Effects of ethanol, with or without MOR and DOR ligands, on the production of cytotoxic factors were determined in control RNK16 cells. Ethanol treatment decreased cellular levels of granzyme B, perforin, and IFN-γ proteins in RNK16 cells (Fig. 5, G–L). MOR antagonist and DOR agonist suppressed the effects of ethanol on cytotoxic factor productions.

Comparison of the effects of MOR and DOR ligands and ethanol on cellular production of cytotoxic factors, receptor dimerization, and ligand binding of receptors revealed that opioid receptor homodimerization, activated by an opposite receptor antagonist with an agonist, was associated with an increase, and heterodimerization, caused by ethanol, was associated with a decrease in ligand binding of the receptors and the production of cytotoxic factors in RNK16 cells.

In Vivo Interaction between DOR and MOR in Regulation of Ligand Binding in Immune Cells

In vivo studies were conducted to evaluate DOR and MOR interaction in splenocytes. Because splenic cells contain immune cells, including NK cells, and provide the quantity that is required for conducting the receptor binding and functional experiments, we have used splenocytes in the in vivo experiments. In addition, opioid receptors ligand binding and actions were similar both in NK cells and splenocytes (3, 4, 9). In vitro studies showed that naltrexone and DPDPE, alone and in combination, were the most effective in preventing DOR and MOR dimerization and increasing receptor ligand binding. Hence, our investigation of DOR and MOR interaction included only naltrexone and DPDPE treatments. We hypothesized that, as in vitro, chronic ethanol treatment will enhance the interaction between these two receptors to reduce ligand binding on splenocytes that will be reflected in this study. As shown in Fig. 6, A–D, chronic treatment of naltrexone or DPDPE increased DOR ligand binding, but reduced MOR ligand binding on splenocytes of control-fed (PF) animals. Combined treatment of naltrexone and DPDPE showed additive effects on DOR and MOR ligand binding in PF animals. Chronic ethanol treatment reduced the DOR and MOR ligand binding with splenocytes. The inhibitory effect of ethanol on DOR ligand binding was prevented by naltrexone and DPDPE, but the inhibitory effect of ethanol on MOR ligand binding was enhanced by naltrexone and DPDPE. These data suggest that a feedback inhibitory interaction between the constitutively active DOR and MOR control ligand binding with these receptors.

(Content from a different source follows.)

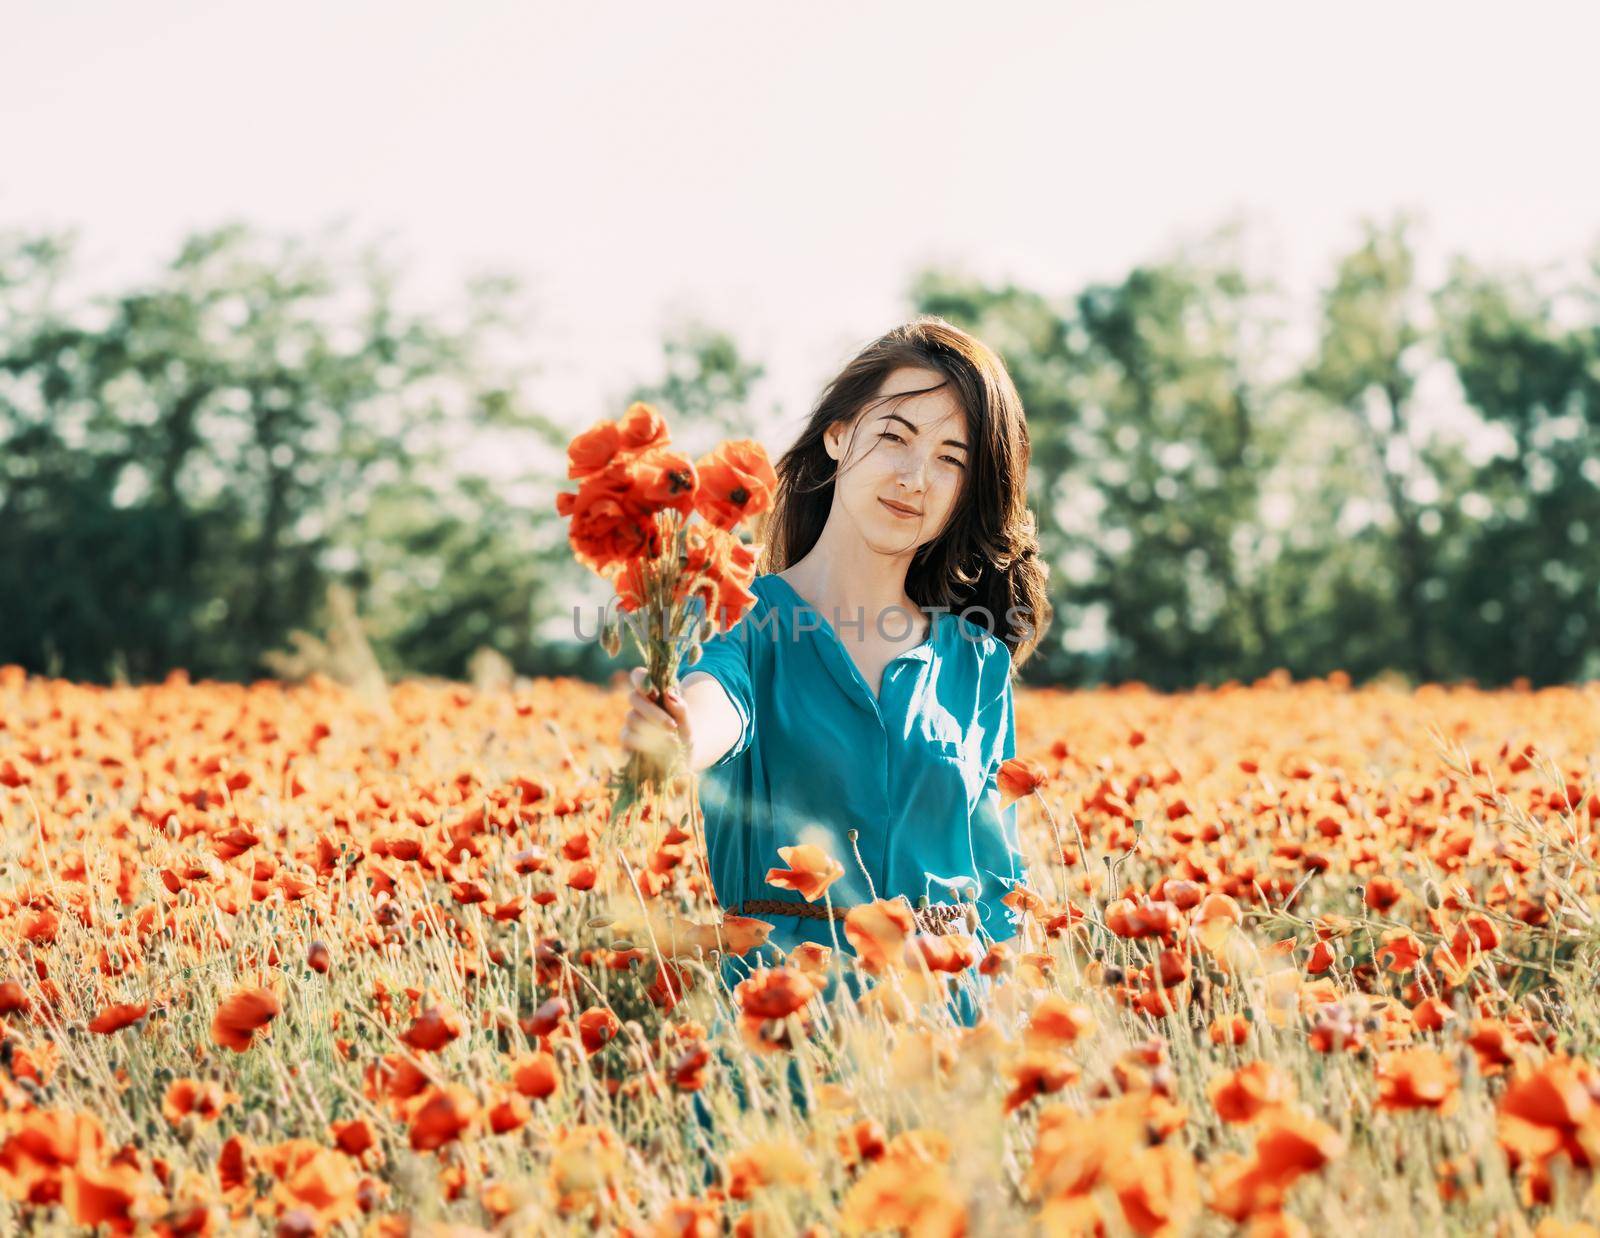 Smiling beautiful young woman standing with bouquet of poppies in flower field, looking at camera.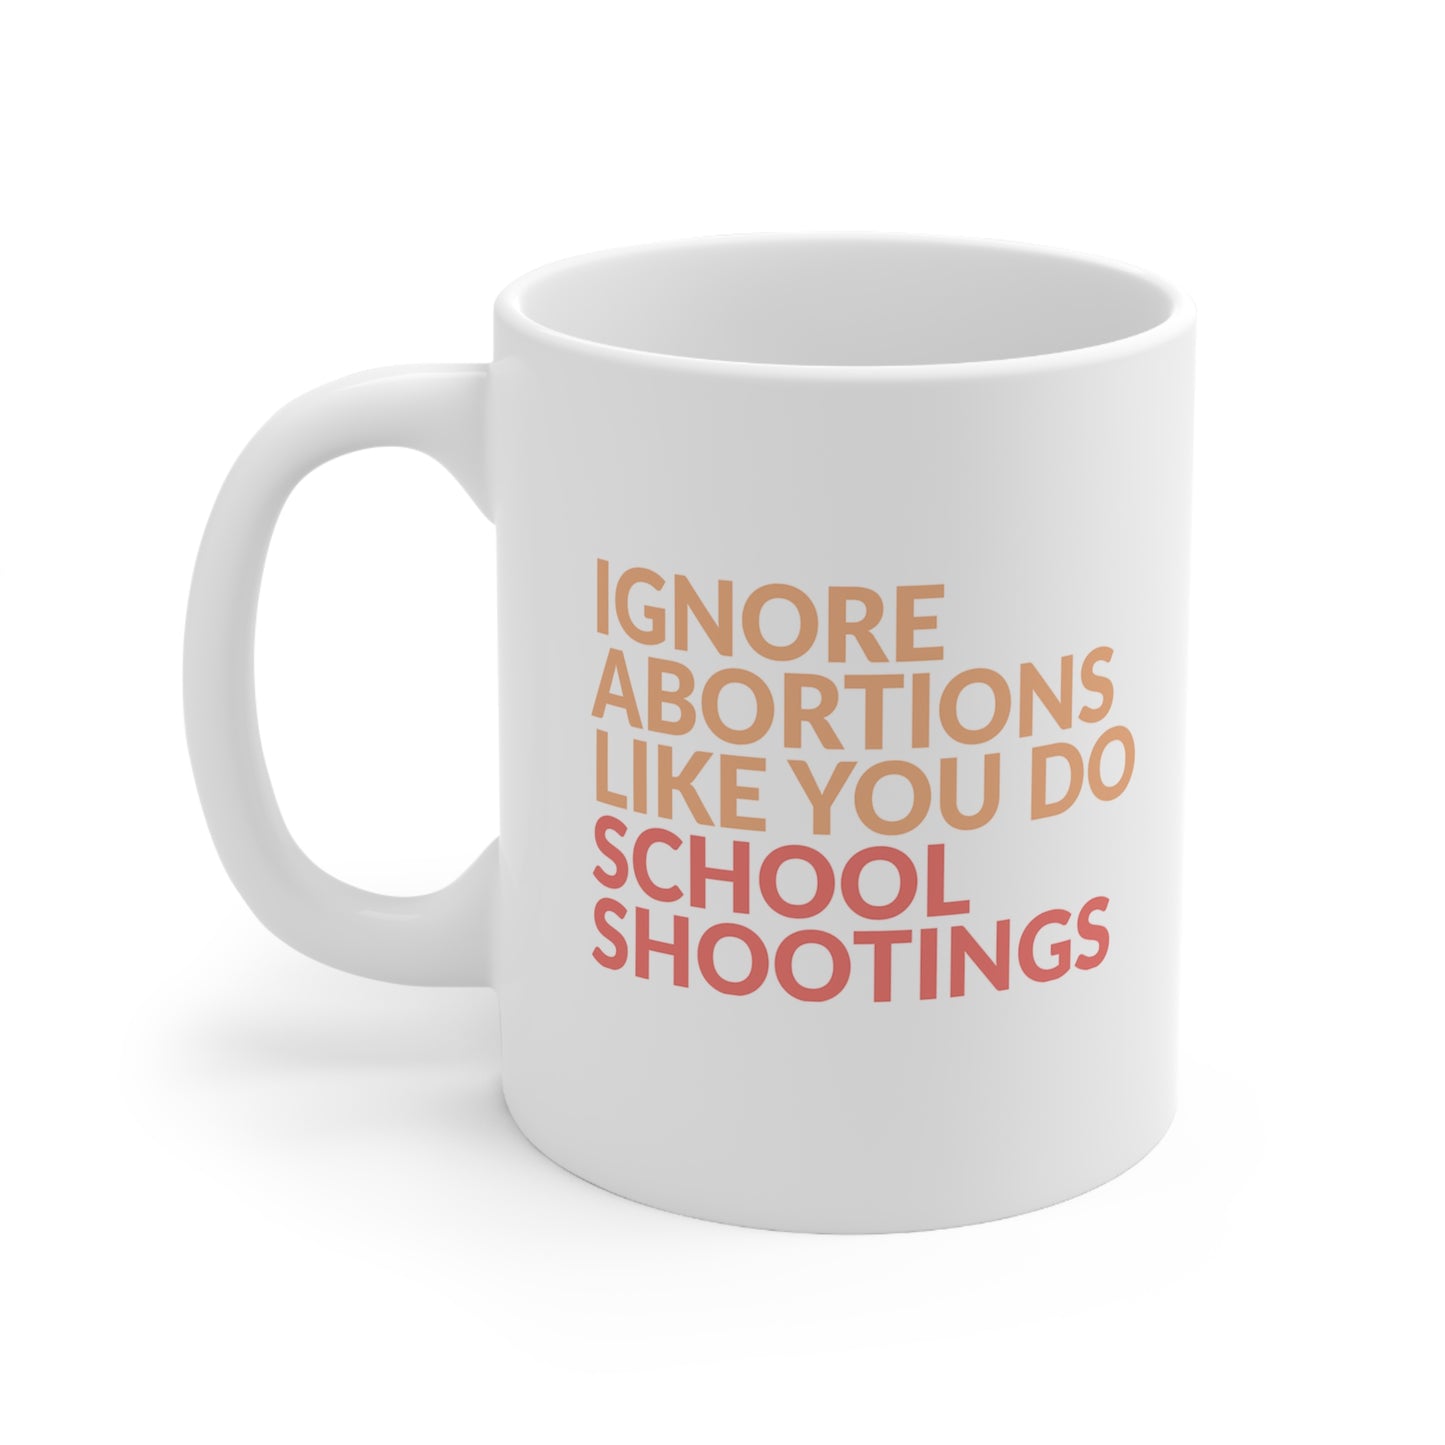 White 11oz ceramic mug that says “Ignore abortions like you do school shootings” in all caps in an orange font. The words “school shootings” are in red. The handle is on the left side in this image.

FIGURE 6. — **Opioid antagonist and agonist modulation of MOR and DOR ligand binding, receptor dimerization, and cell function in the absence or presence of ethanol in splenocytes *in vivo*.** Shown are representative saturation curves (A and C) and the B_max (B and D) of DOR-or MOR-specific ligand, opioid receptor homodimers or heterodimers (*E–J*), and the cellular levels of cytotoxic factors (granzyme B, perforin, and IFN-γ) in splenocytes (*K–M*) obtained from spleens of naltrexone (*NAL*)- or placebo (PL)-treated rats fed an alcohol-containing liquid diet (AF) or PF isocaloric liquid diet. Data are mean ± S.E. of four experiments. *, p < 0.05, compared with PF + PL. a, p < 0.05, compared with naltrexone alone; b, p < 0.05, compared with alcohol-fed alone.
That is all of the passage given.